In the movie, there are also little machines that tell you whether you’re suitable or not—meaning they read your genome in seconds. That was unthinkable back then and is everyday life now. We could talk about the ethical dilemmas of 23andMe and how we hand over extremely valuable information, but we’ll save that for next time.

And it’s not all dystopias and embryo manipulation to make people smarter or, I don’t know, blond. There are hundreds of diseases that could potentially be treated with this technique. For instance, if someone has a genetic condition, cells could be extracted from that person, edited, and reintroduced “corrected,” in a way that wouldn’t be passed down to future generations. The person could be cured.

There are also close to 400 companies aggressively patenting all kinds of CRISPR-related technologies to implement someday. In other words: hundreds of companies building toward something that, in many ways, still isn’t fully here. But the eugenics implied by GATTACA—and much worse—is also a real possibility now, more than at any other point in human history.

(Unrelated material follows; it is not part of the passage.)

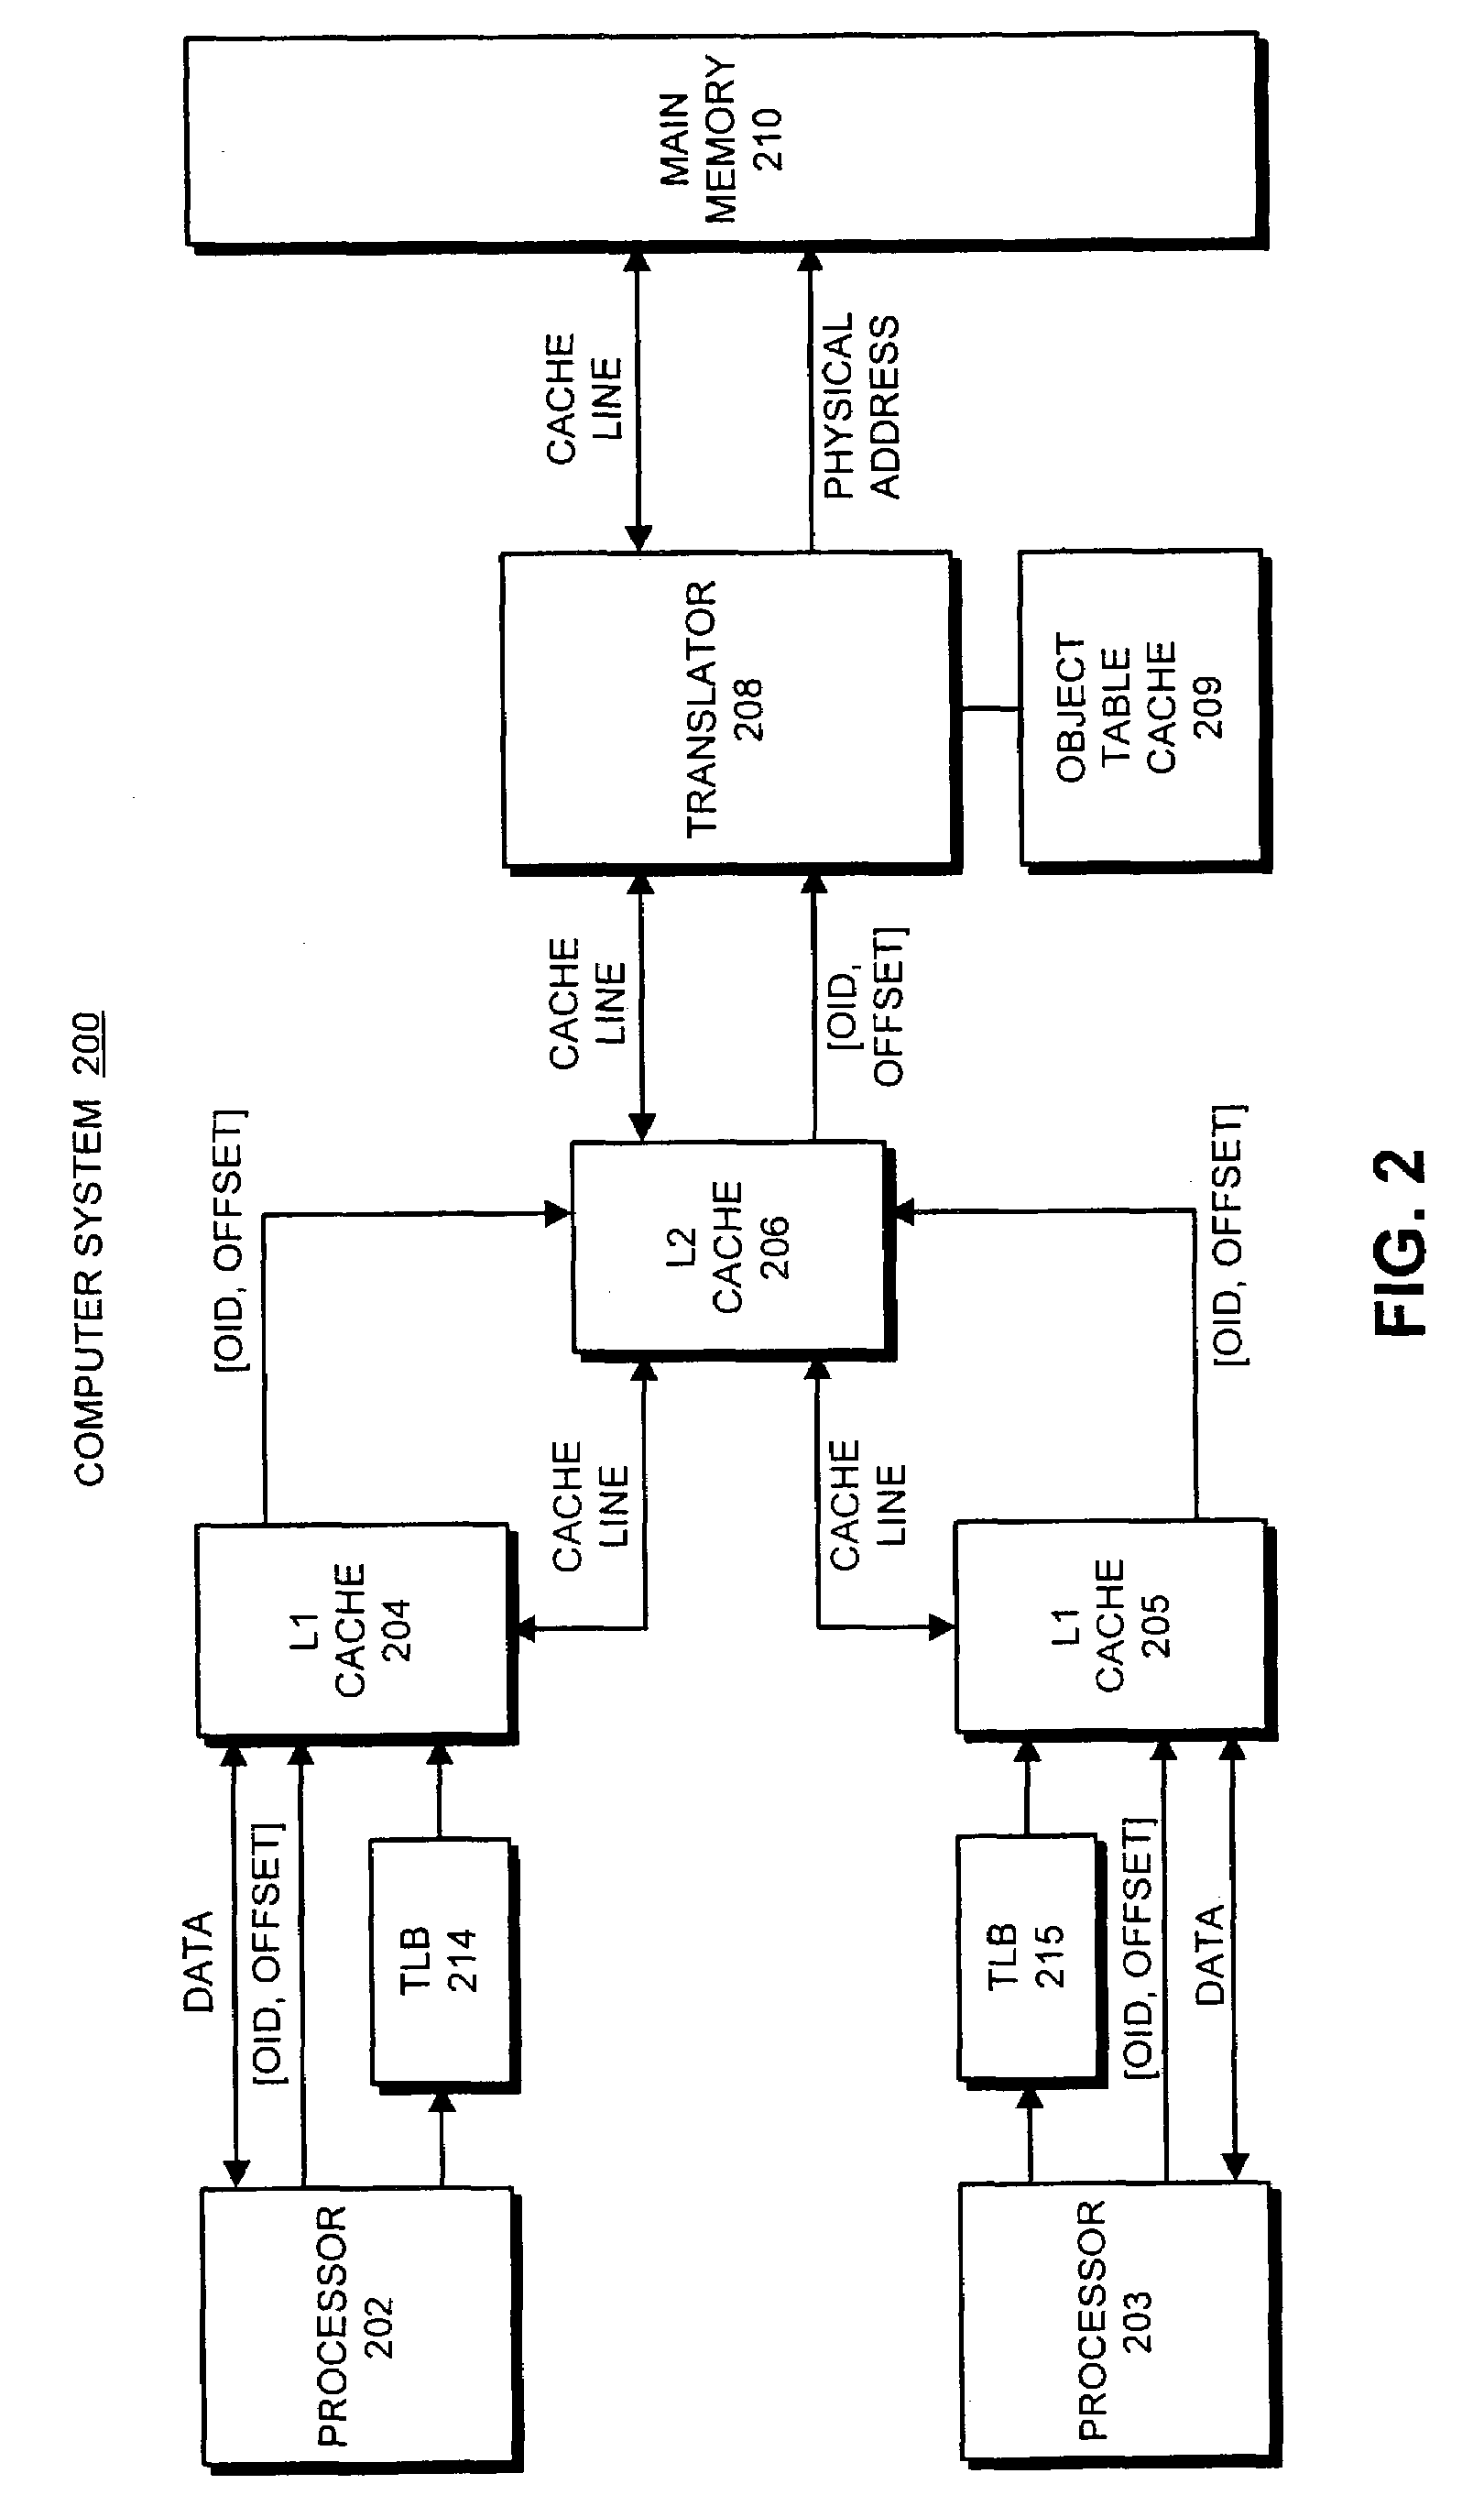 Method and apparatus for skewing a bi-directional object layout to improve cache performance

So the question is whether we’ll be able to use this revolutionary technology for the good of humanity without screwing it up. I think we’ll screw it up a little and solve problems a little, as always. What’s certain is that this is already happening, and there’s no stopping it.

Doudna and Charpentier won the Nobel Prize in 2020. The poor Spaniard got nothing. In the early 1990s, he was a bit lost—and now we’re all a bit lost. In the end, it’s humanity.